What he got was something else.
During the meeting the two groups described their perceptions of each other and validated what they believed was accurate. For instance, the Sales force agreed they were energetic, knowledgeable about their markets, and strong in distributor relationships. But they also admitted their weakness in managing brand budgets, unfocused in execution after product launches, and territorial. And while the Marketing group was seen as strategic, with strong research and creative skills, they were also intrusive, over-demanding with last minute requests, and not effective at tactical point-of-sale marketing.
While the “truth” stung, it also freed the managers from having to defend themselves with each other, which enabled them to de-personalize the conflict and focus on the business. Both groups realized that people not getting along was due to the fact that the commercial growth of the business had outstripped their capacity to manage that growth. This helped Wayne see that he needed to hire more sales people, and he said so. But surprisingly, both groups disagreed. They said it wasn’t the number of people that needed to increase, but that the marketplace was changing in a fundamental way and they weren’t adapting fast enough.
For instance, marketing new consumer products in their industry was requiring more word-of-mouth local promotion rather than nationally driven advertising. Further, there was a trend toward smaller brands with shorter life-cycles; they couldn’t rely on the possibility of a new “mega-brand” any more. Finally, they realized that they needed more specialization in the sales force rather than simply put “more feet on the street.”

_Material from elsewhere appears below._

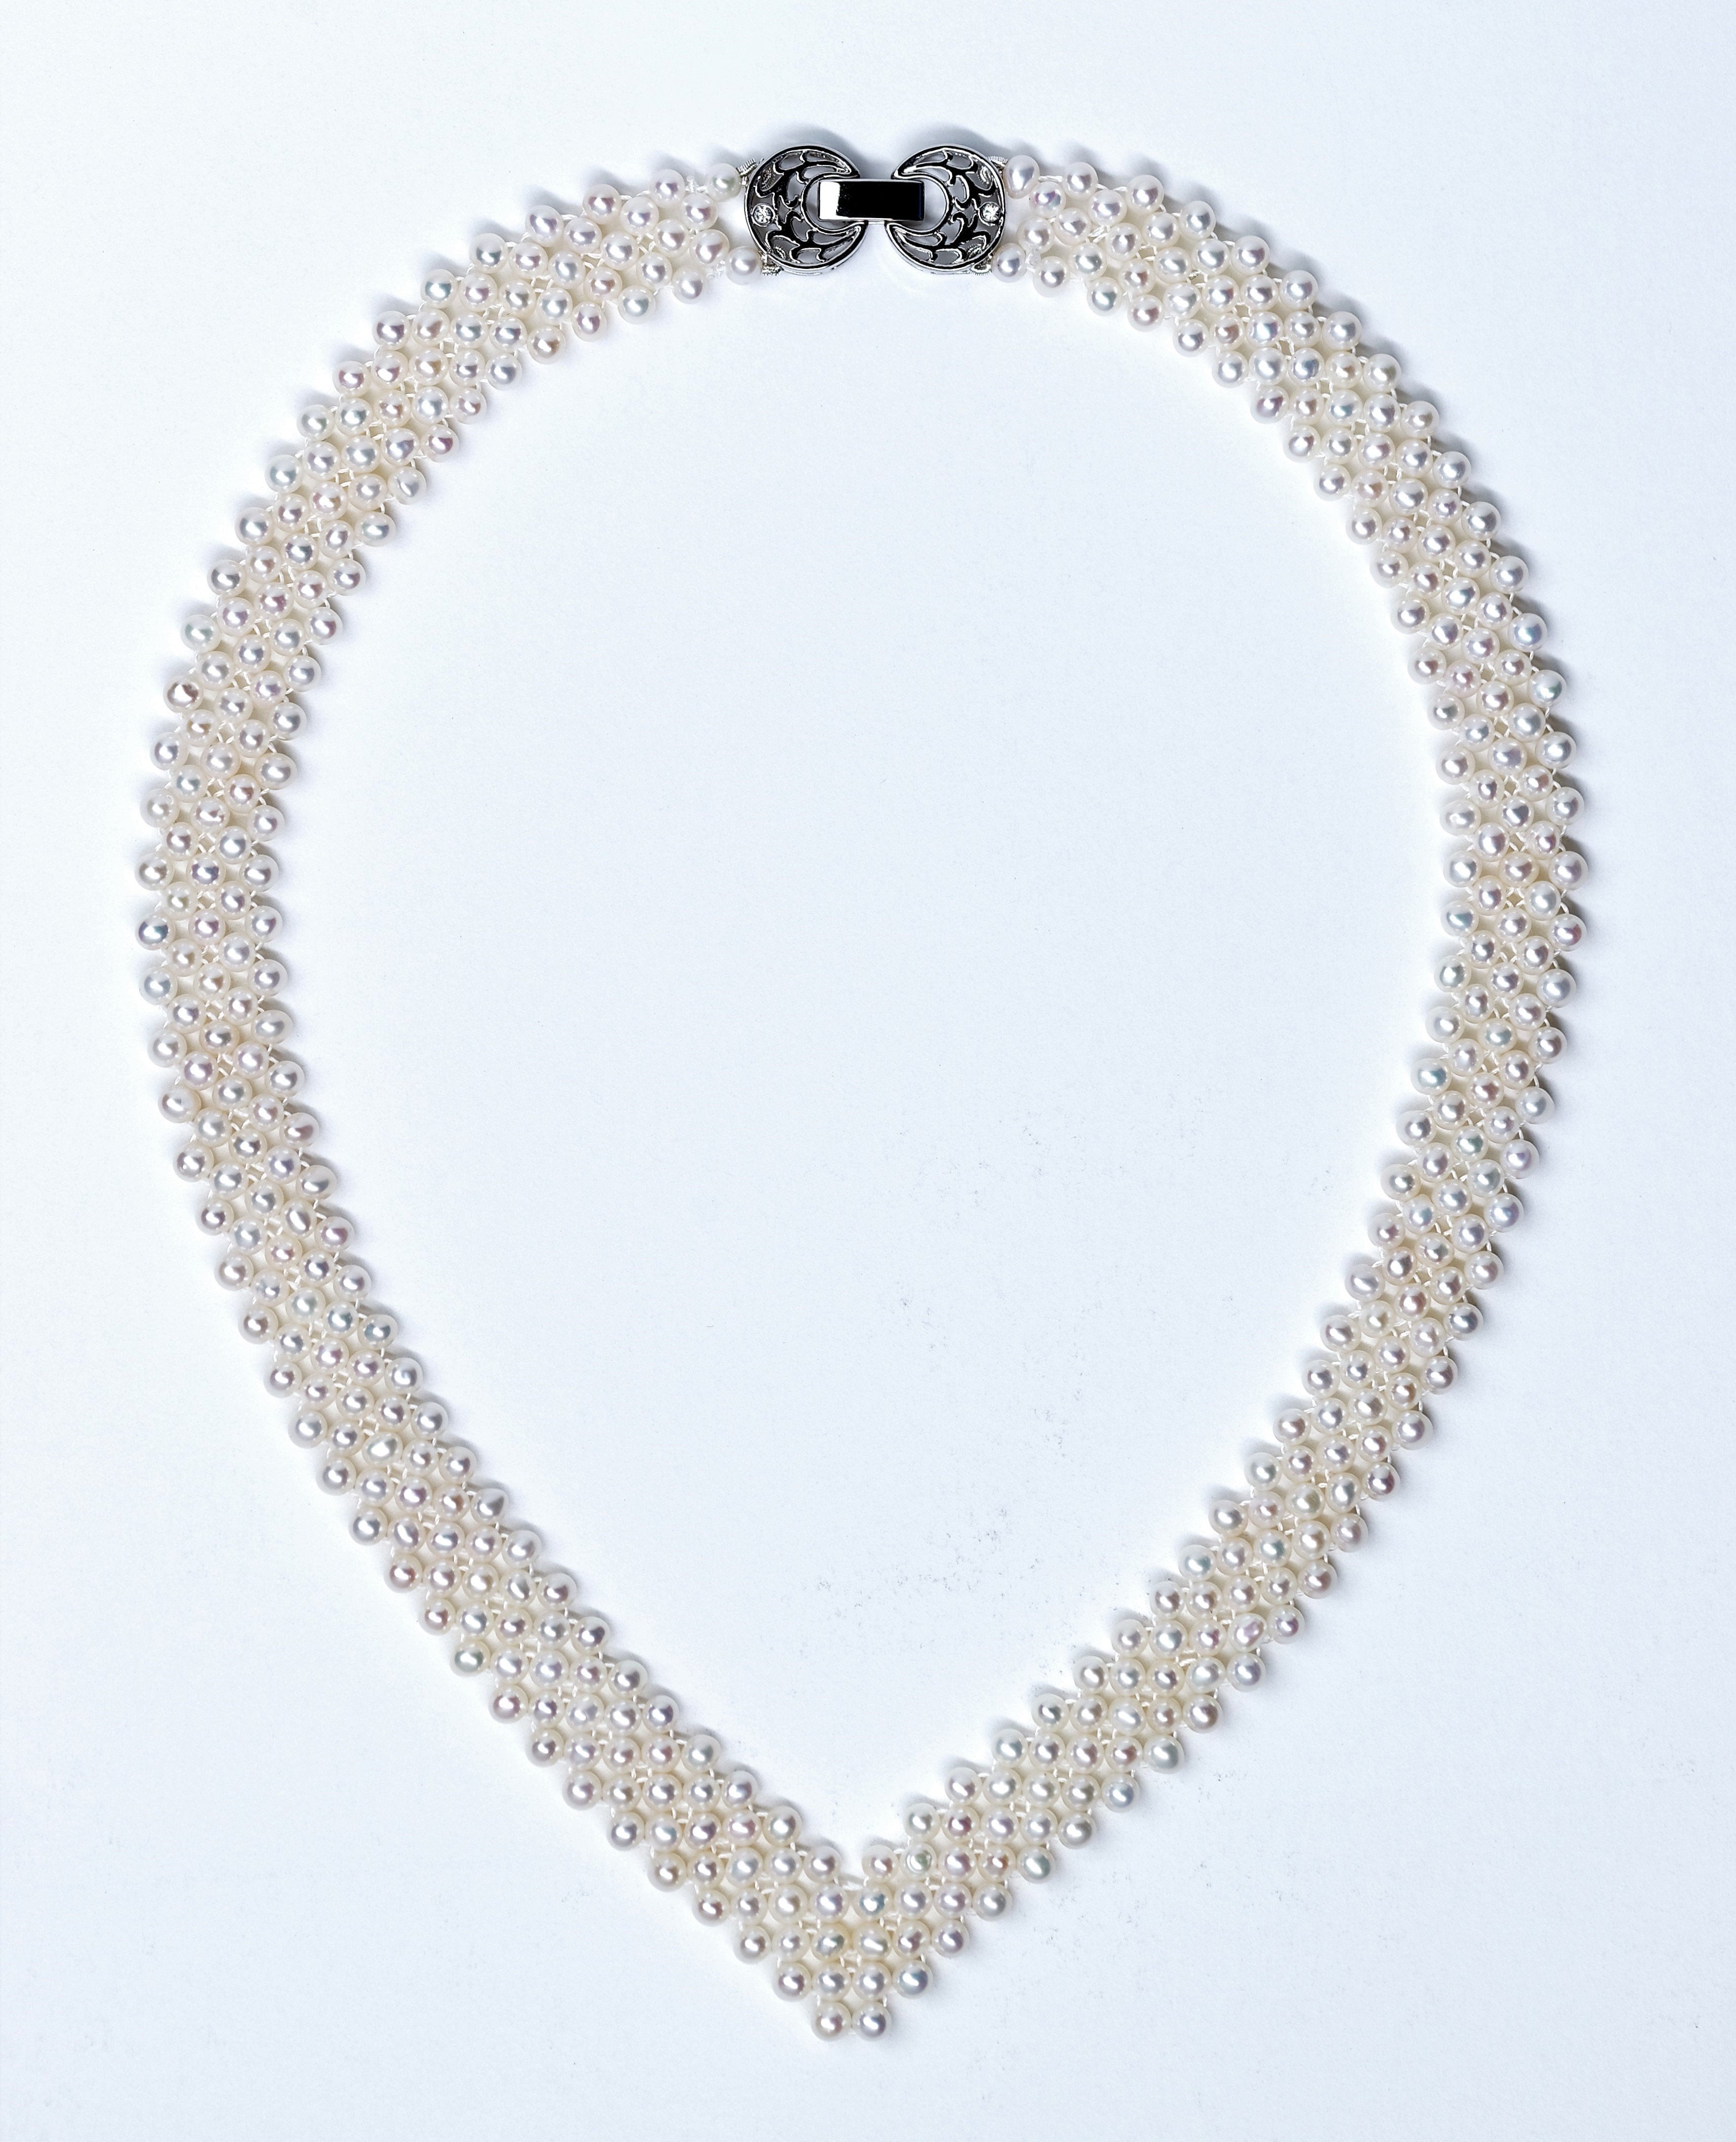 V -Shape Baby Pearl Necklace

Thus, what began as a meeting to “clear the air,” ended as a platform to strategically address the challenges facing their business. In the weeks that followed, joint task forces recommended how the company could re-invent how it launched, marketed and even discontinued new products, shifting from an “army” approach to marketing and sales to a “special forces” approach.
Their focus on the business rather than on their interpersonal conflict was key to the Company’s staying ahead of the competitive curve. Wayne realized that the tension between Marketing and Sales was due to good people trying to succeed when their strategy, goals and resources were out of alignment with the market and with each other. Their interpersonal conflicts subsided when the new strategy was implemented, not the other way around.

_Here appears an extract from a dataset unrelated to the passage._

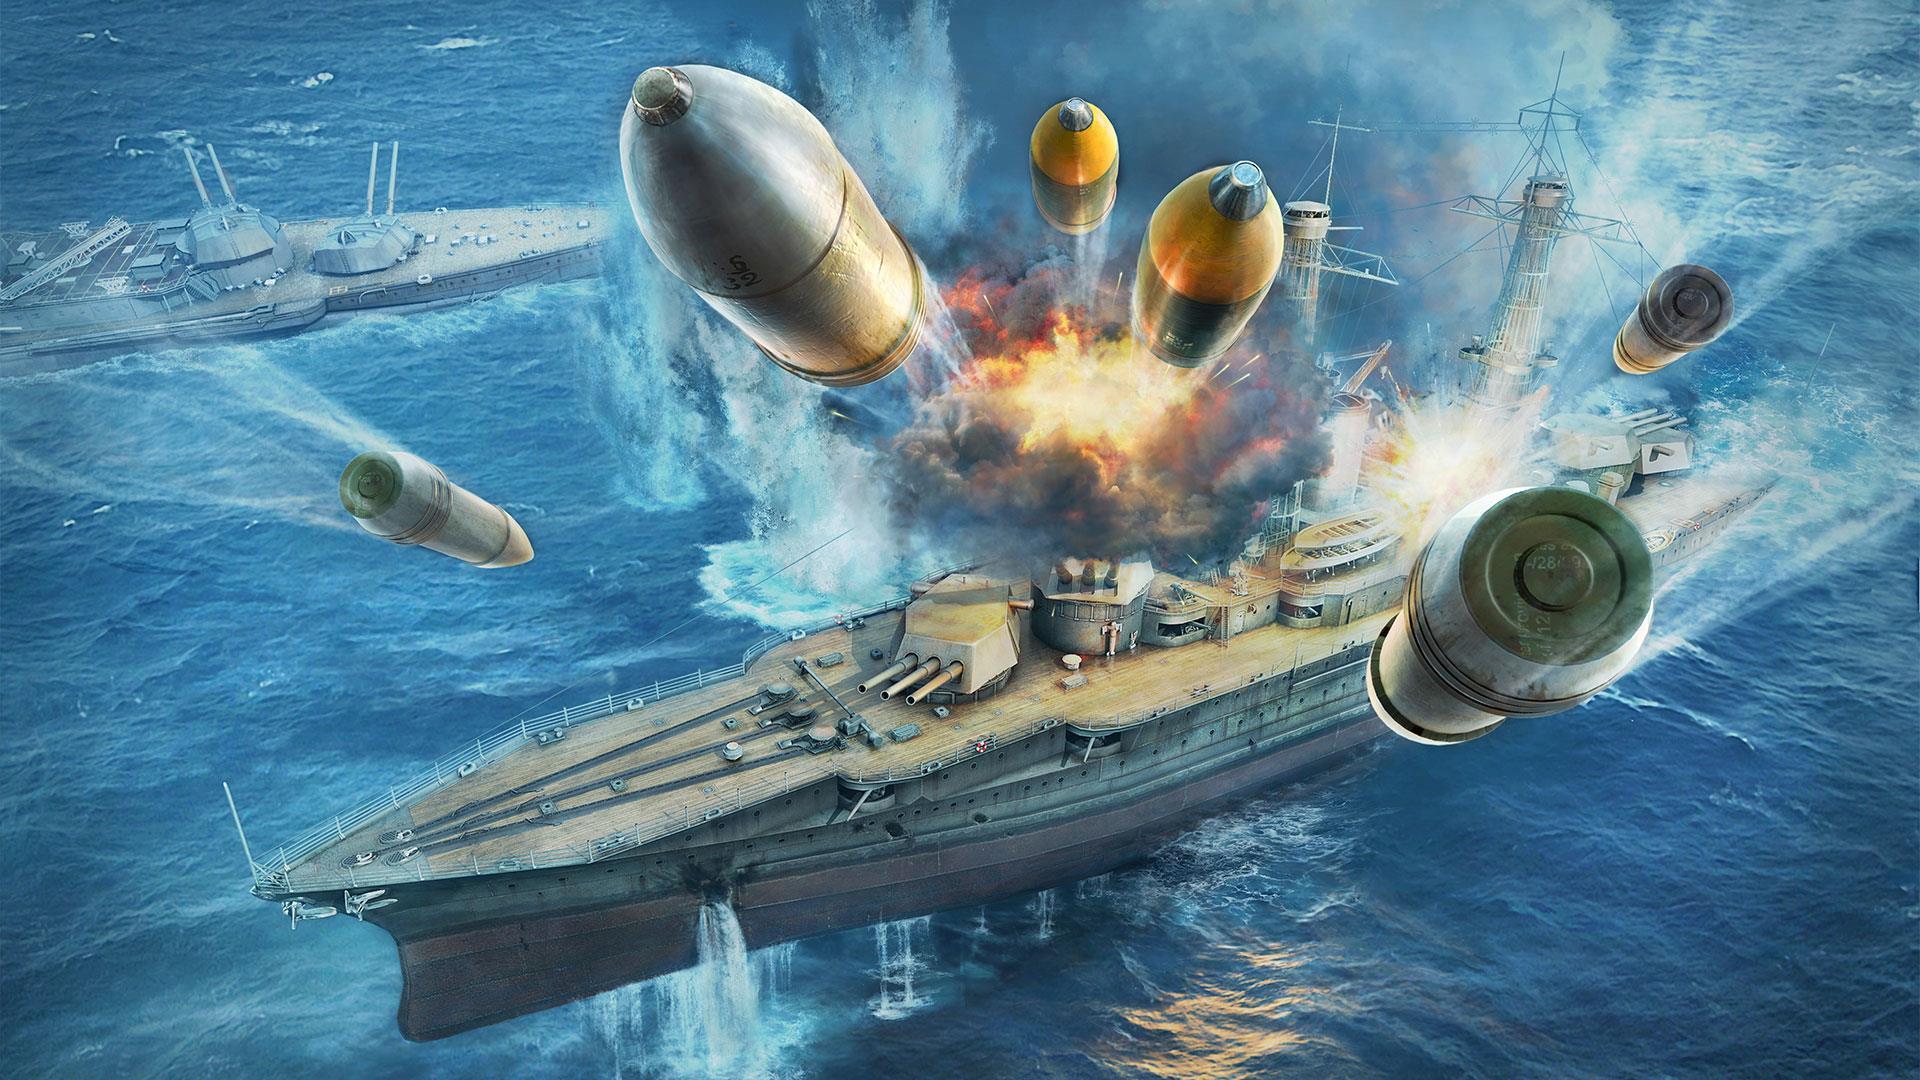 View 1080P World Of Warships Wallpaper Images

If you are a senior executive, or even a first line supervisor wrestling with two key direct reports in conflict, consider what Wayne learned:
Conflict is inevitable and not a bad thing: Companies are designed with checks and balances that lead to tension. Without these checks and balances departments would maximize their own results at the expense of the enterprise. For instance, selling more than you manufacture leads to poor quality and customer service; building more than you sell leads to high inventories and lower profits. Power needs to be balanced between key departments and friction is usually the mechanism for this balance.

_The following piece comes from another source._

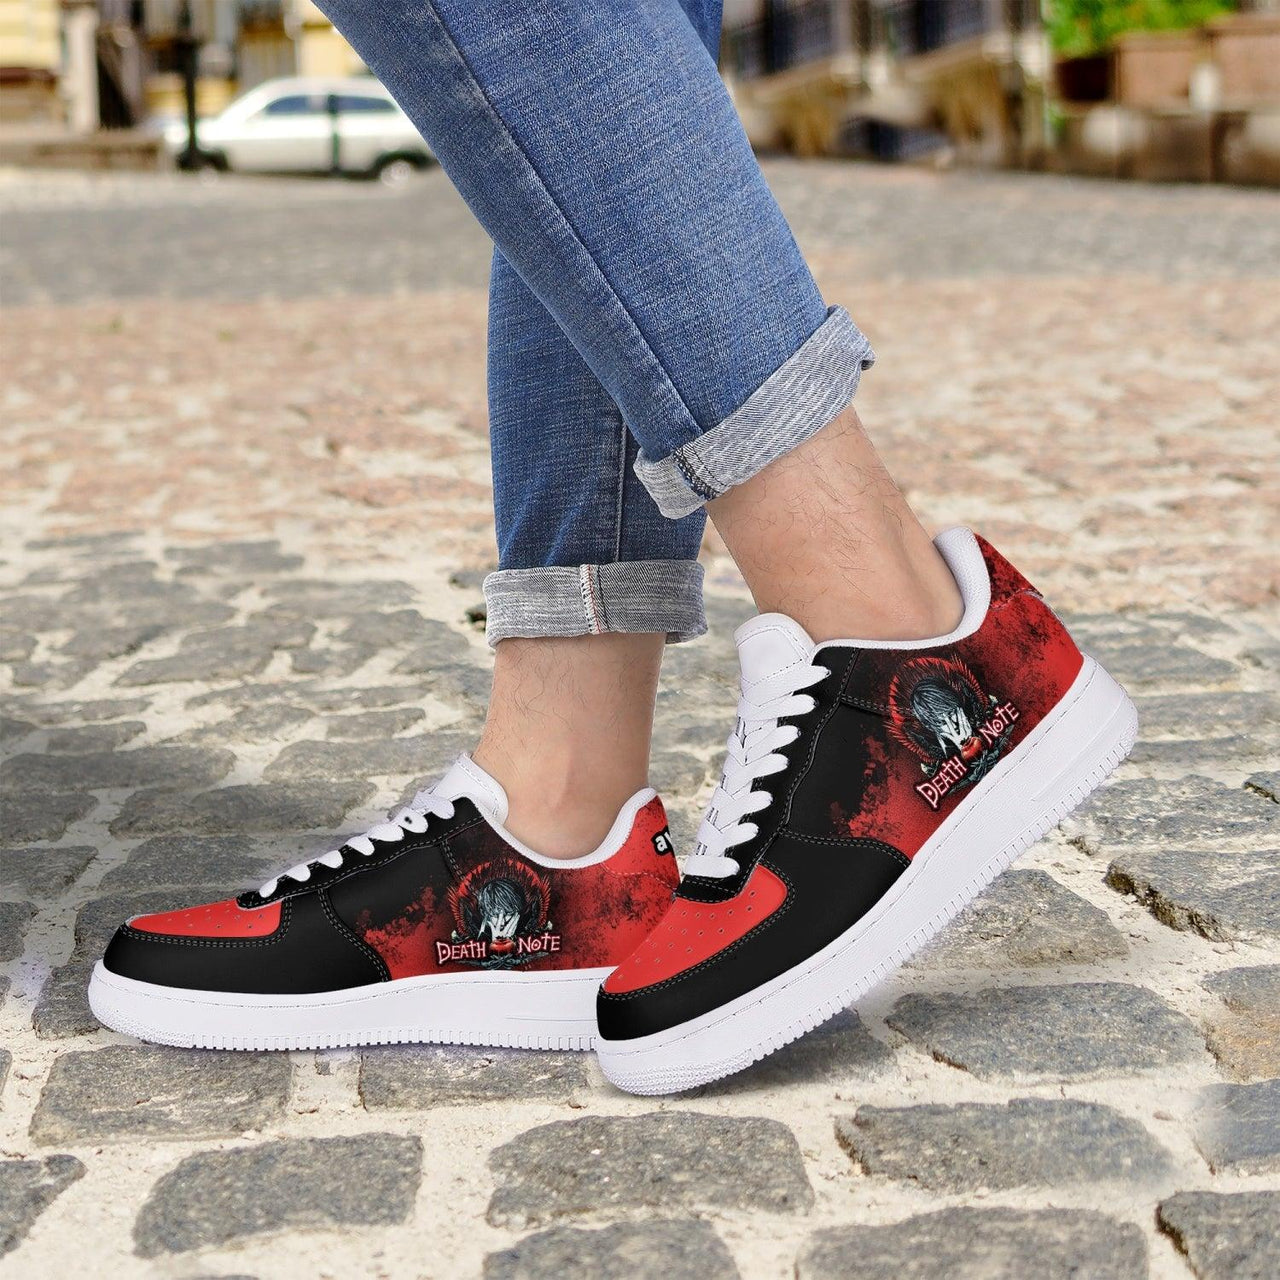 Death Note Red Black AF1 Anime Shoes _ Death Note _ Ayuko

Do something, now: When the natural tension between departments deteriorates to blaming and avoidance, someone needs to intervene. The longer you let it go the harder it will be to bring the antagonists together. And, customers do notice.
Don’t personalize conflict: While it is sometimes hard to not take sides, negative conflict is a leading indicator that something more systemic or strategic is out of kilter. Bringing antagonists together to work on the conflict can yield surprisingly positive benefits, but they need to see it’s not just about them, it’s about the business.
Start with perceptions, end with reality: Most negative conflicts are played out indirectly; people usually don’t accuse each other of incompetence or hidden agendas to each other’s faces. It’s important to get antagonists to share perceptions directly and to validate those perceptions. Only then will they feel free enough to focus on strategic conversations about the business, which should be your objective in the first place.